I was trying to integrate a probe for https://www.mapper.ntppool.org/ into one of my web pages, but found that it is not working at least with Firefox default settings. The issue seems to relate to OCSP stapling:
The certificate on www.mapper.ntppools requires the browser to ensure a stapled OCSP response is present in the TLS handshake.
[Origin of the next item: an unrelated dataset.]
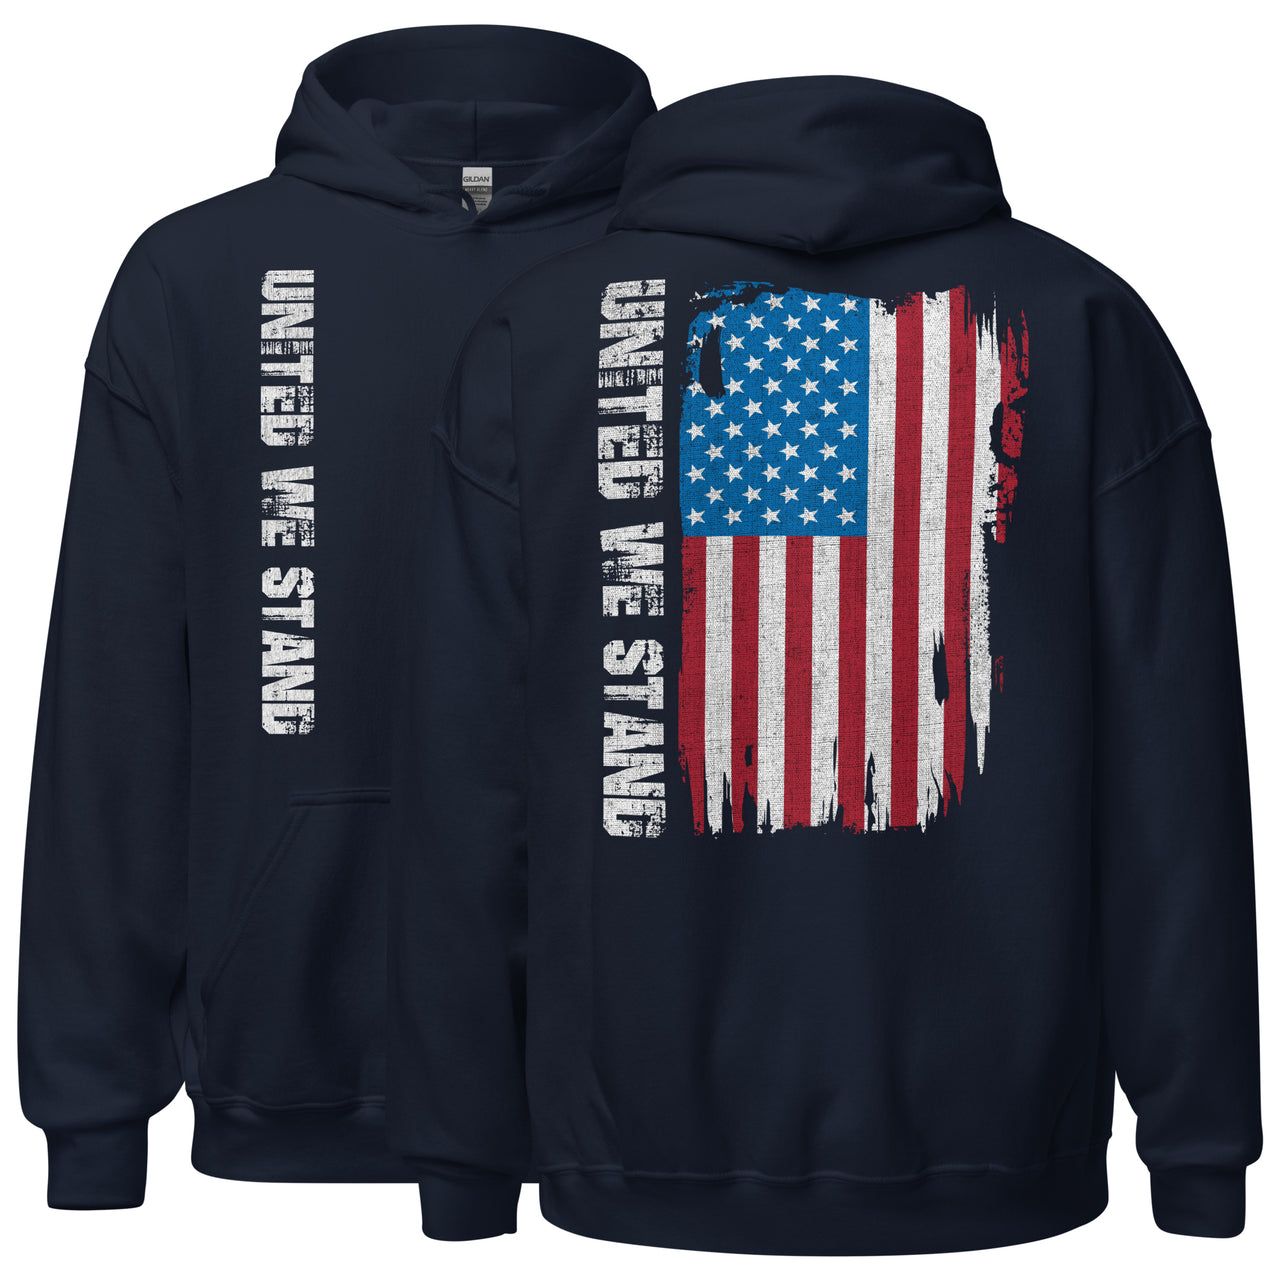 United We Stand Full Color American Flag Hoodie Sweatshirt in navy

However, it seems the server is not including such a stapled OCSP response, thus Firefox refuses to load the resource behind the URL.
@PoolMUC welcome to the community!
Correct observation, the server should send the OCSP status response, or the certificate should not contain the “OCSP must staple” option.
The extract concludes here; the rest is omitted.